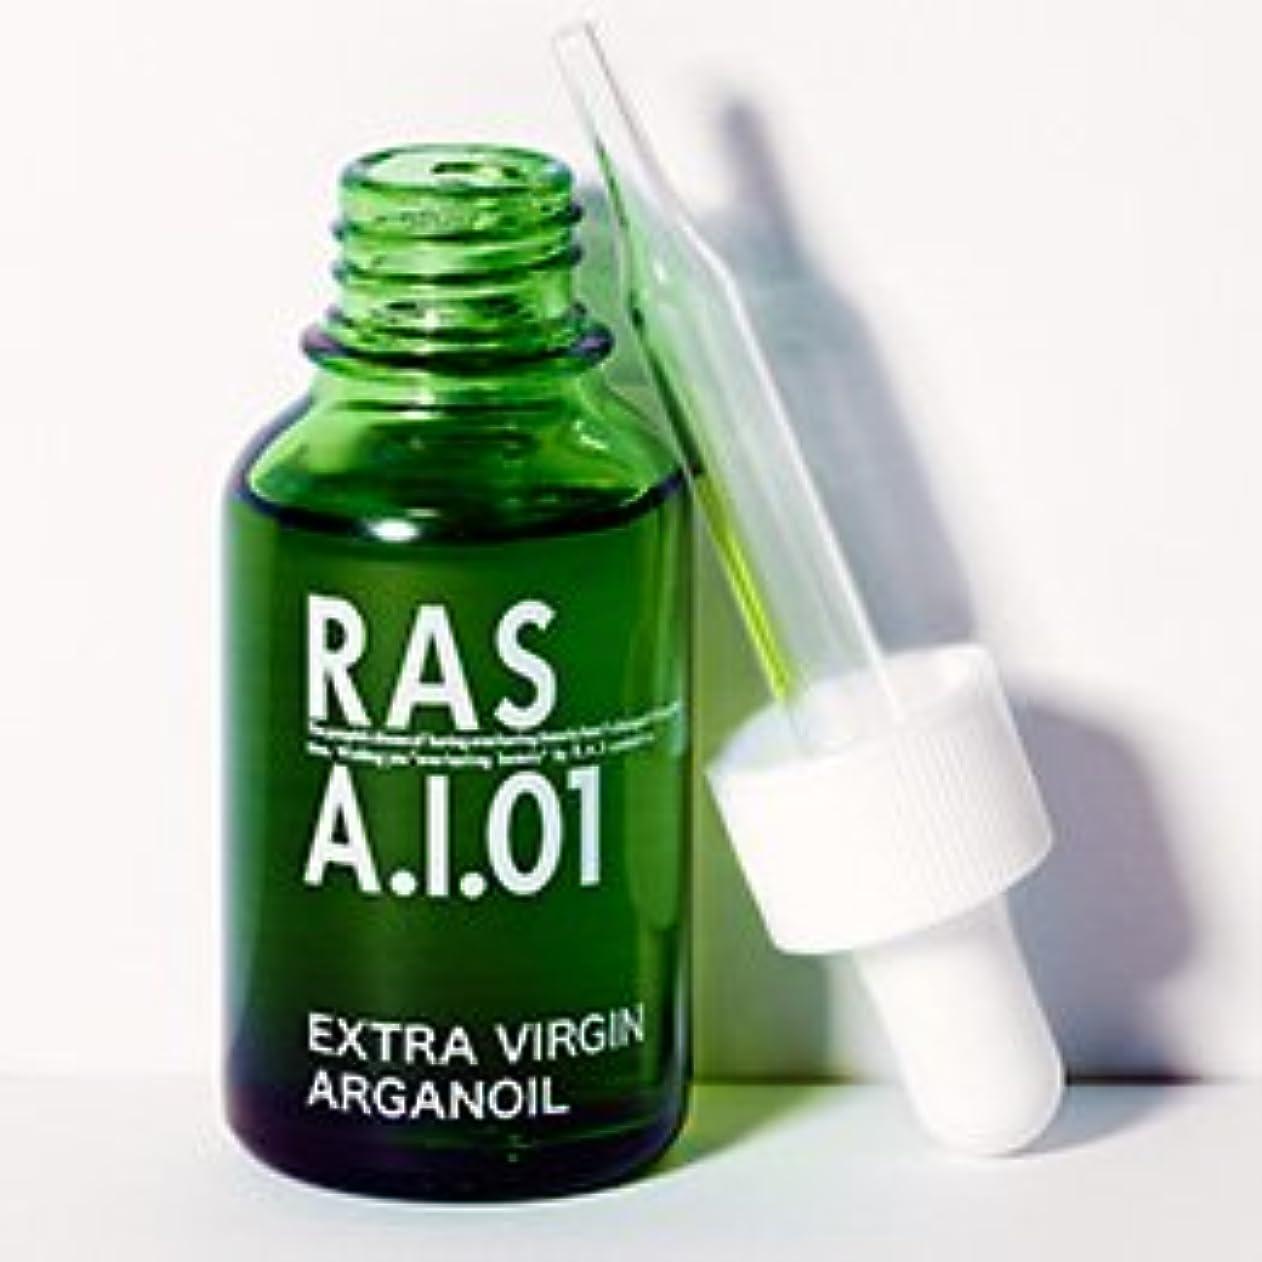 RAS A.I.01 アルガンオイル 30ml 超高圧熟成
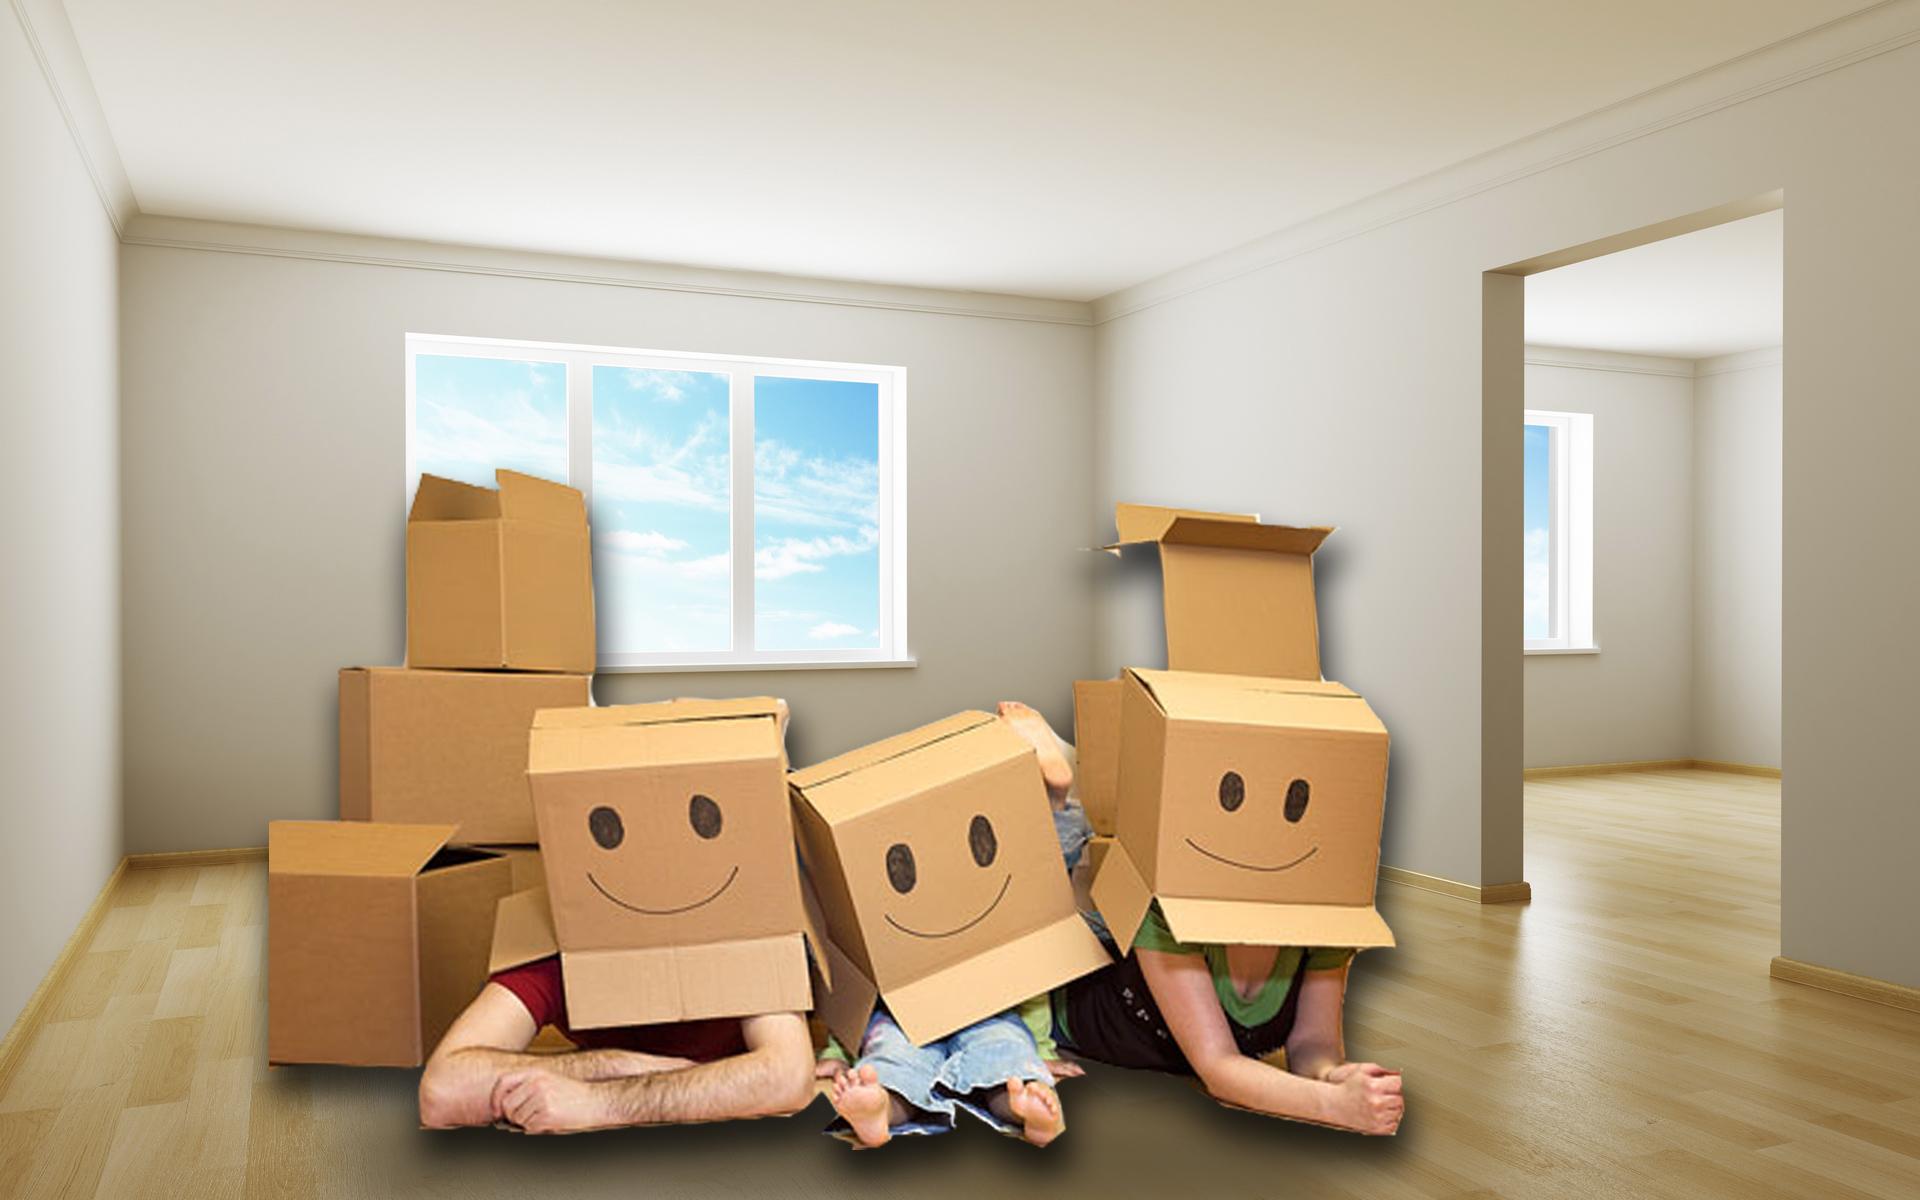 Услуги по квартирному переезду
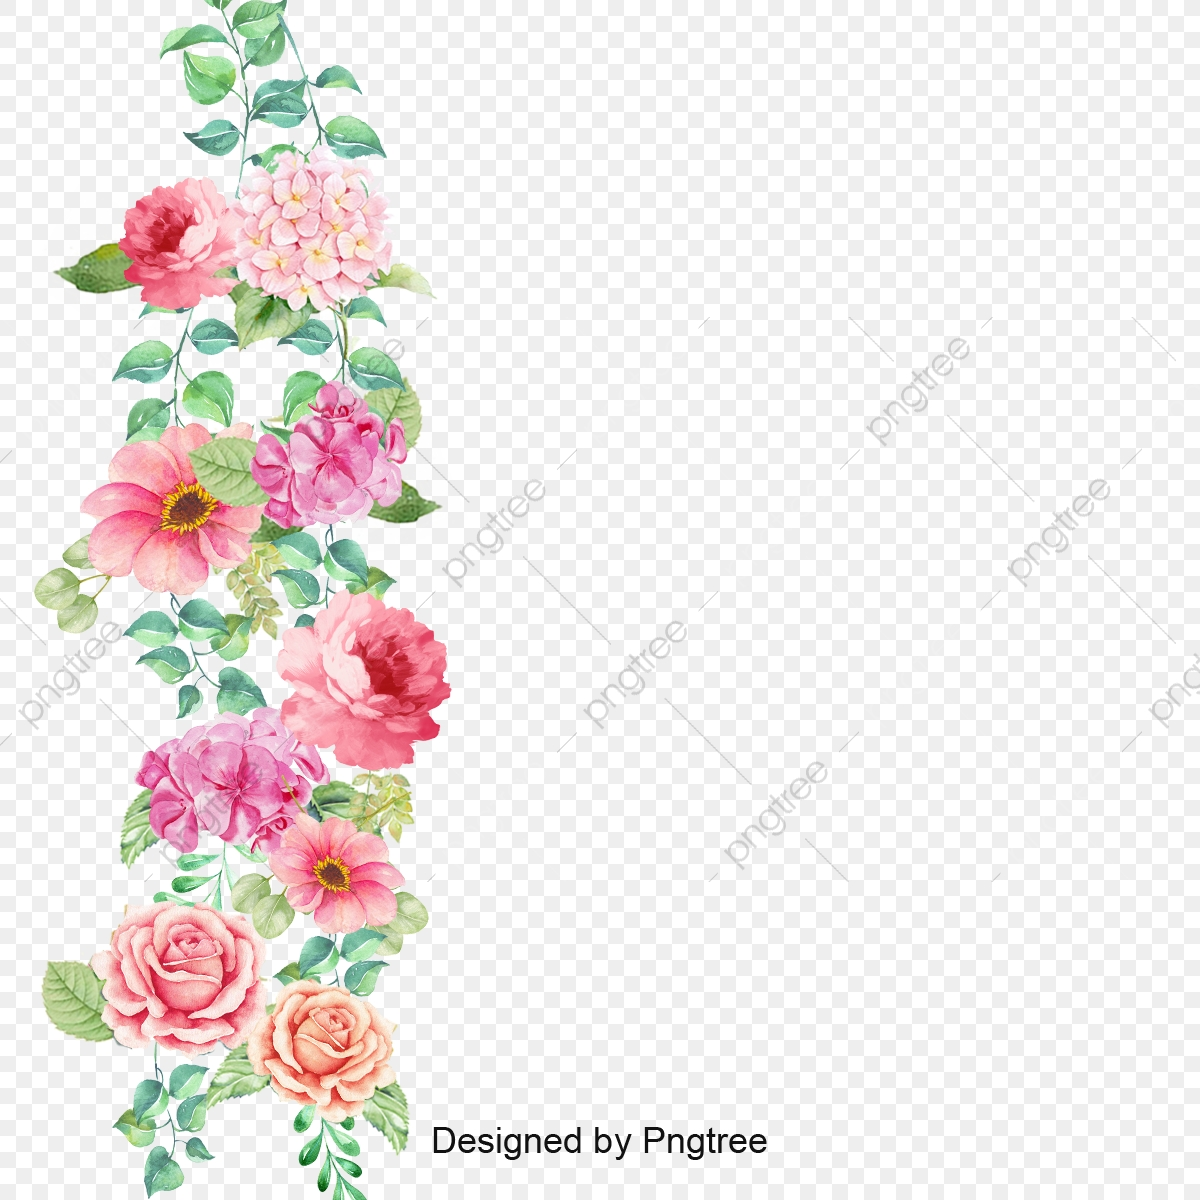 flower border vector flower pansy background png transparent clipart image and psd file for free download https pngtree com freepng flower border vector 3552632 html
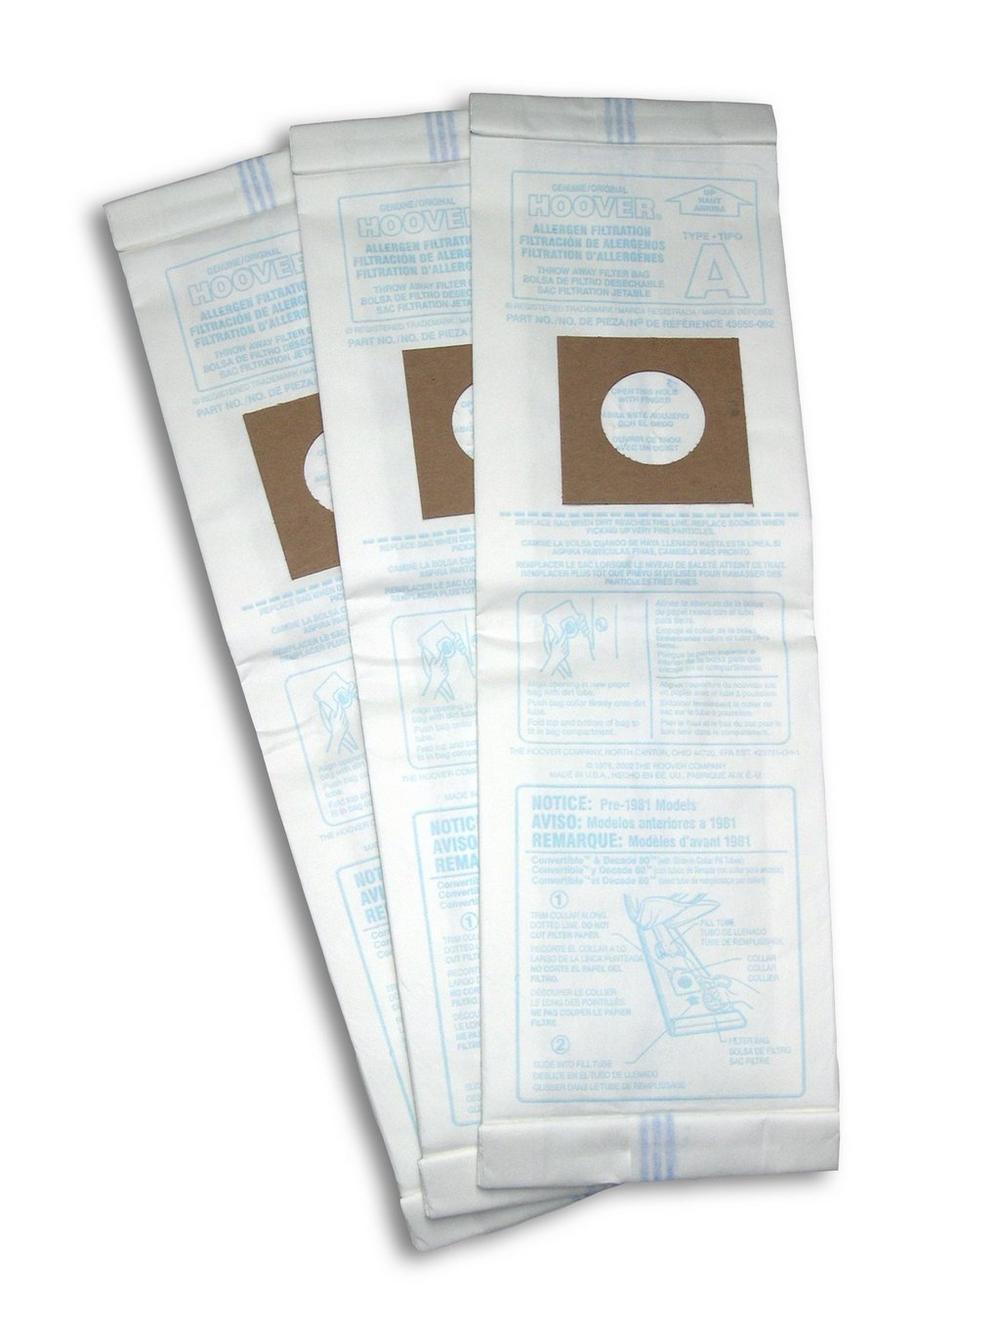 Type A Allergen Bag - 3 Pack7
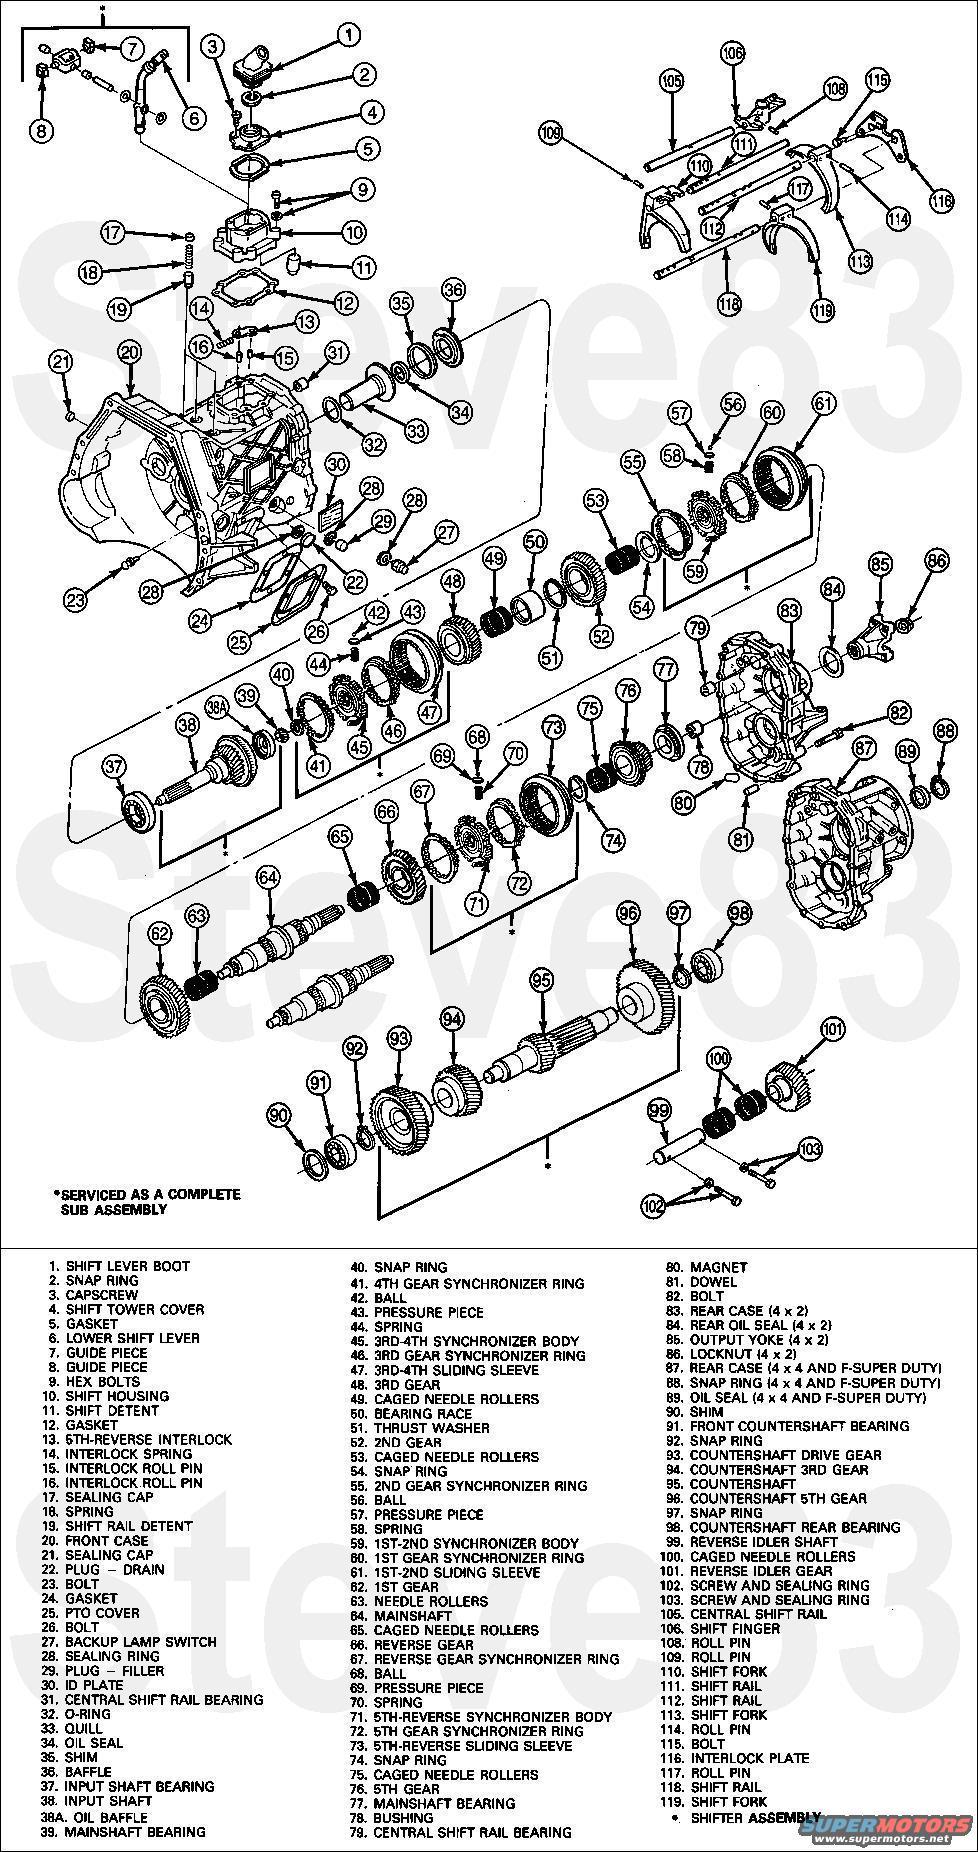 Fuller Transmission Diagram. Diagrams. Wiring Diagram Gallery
*-*-*
**PROBLEM DETAILS:** Write out all the entries word for word, but skip any images.

**SOLUTION FOR THIS TASK:**
 RAS A.I.01 アルガンオイル 30ml 超高圧熟成
 Услуги по квартирному переезду
 flower border vector flower pansy background png transparent clipart image and psd file for free download https pngtree com freepng flower border vector 3552632 html
 Type A Allergen Bag - 3 Pack7
 Fuller Transmission Diagram. Diagrams. Wiring Diagram Gallery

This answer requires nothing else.